JP2012092389A - Recycling method of slug of torpedo car and pellet suited for blast furnace - Google Patents

Abstract

PROBLEM TO BE SOLVED: To provide a recycling method of slug of a torpedo car capable of recycling the slug of the torpedo car, which has been difficult to recycle effectively in a conventional manner, as a pellet suited for a blast furnace having high strength and high quality even in winter season, without requiring great facility investment, and to provide the pellet suited for blast furnace.SOLUTION: The slug 1 of the torpedo car containing 5 mass% or more of metal Fe is crushed and mixed with an iron ore 2, and a powder coke 3, a cement binder 4 and other iron raw materials 5 are blended therein. The mixture is pelletized and hardened to reuse as the pellet suited for the blast furnace. Blending ratio of the slug 1 of the torpedo car in the pellet is 5-25 mass%. As other iron raw materials, iron-contained dust may be used. Due to oxidation heat of the metal Fe, temperature rise of 10-20°C is caused, hydration reaction of cement is accelerated, and crushing strength of 6 MPa or more is obtained.

Description

  The present invention relates to a method for recycling chaos slag generated in a steel factory and a pellet for a blast furnace using chaos slag as part of a raw material.

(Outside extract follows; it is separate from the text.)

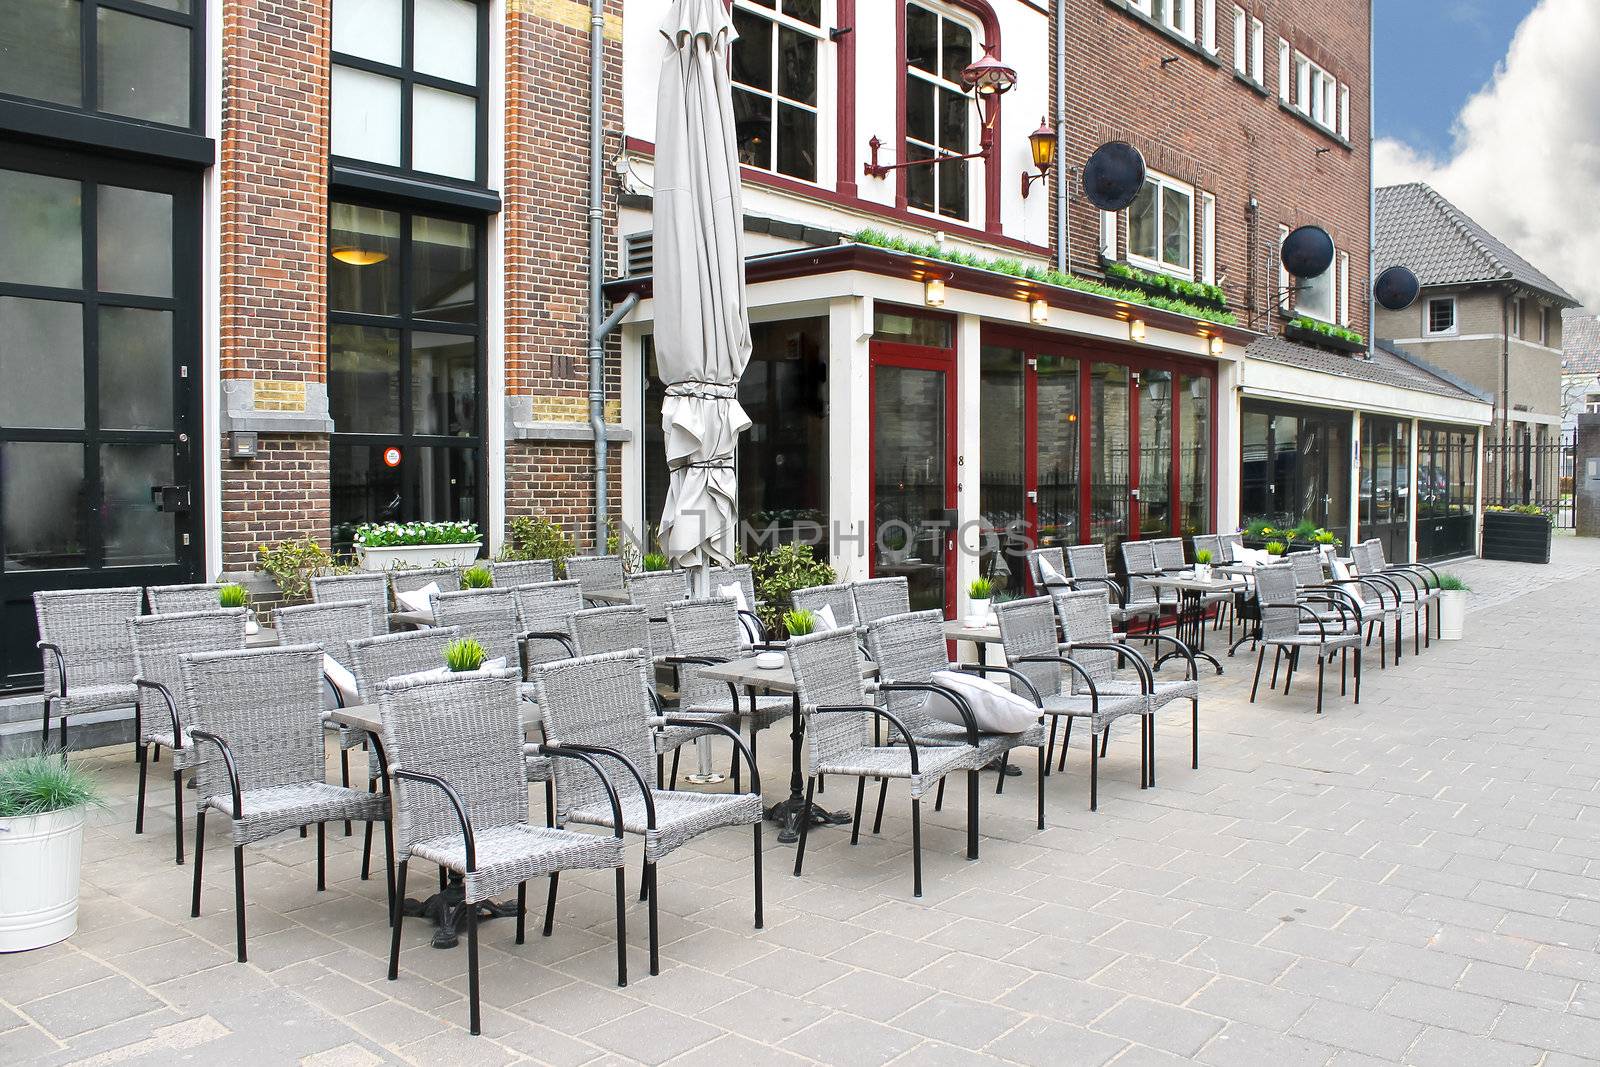 Street cafe in Den Bosch. Netherlands by NickNick

  In a steel factory, various slags such as slag, slag pretreatment slag, and converter slag are generated in the steelmaking process until continuous casting of pig iron taken from the blast furnace. Some of these slags are sold and reused as roadbed materials, but chaos slag has high basicity, expandability, and dust generation sources such as quiche graphite. Therefore, it cannot be used as roadbed material for roads, and can only be used for temporary materials. For this reason, effective recycling was difficult.

  In addition, as described in Patent Document 1, after slag generated in a steelmaking process is crushed, Portland cement clinker and lime and / or gypsum are added to those subjected to deironing treatment, and pulverized and mixed. It has been proposed to be used as a binder for facing pellets (briquettes). However, this method has a problem in that the steelmaking slag is rapidly cooled and vitrified to ensure hydraulic properties, which requires a large investment in equipment such as a granulation facility.

  Moreover, when the pellet for blast furnace described in Patent Document 1 is put into the blast furnace, free water and hydrated reaction crystal water inside the blast furnace are brought into the blast furnace. For this reason, there is a problem that the amount of charging to the blast furnace is limited and only about 3% of the iron raw material can be charged.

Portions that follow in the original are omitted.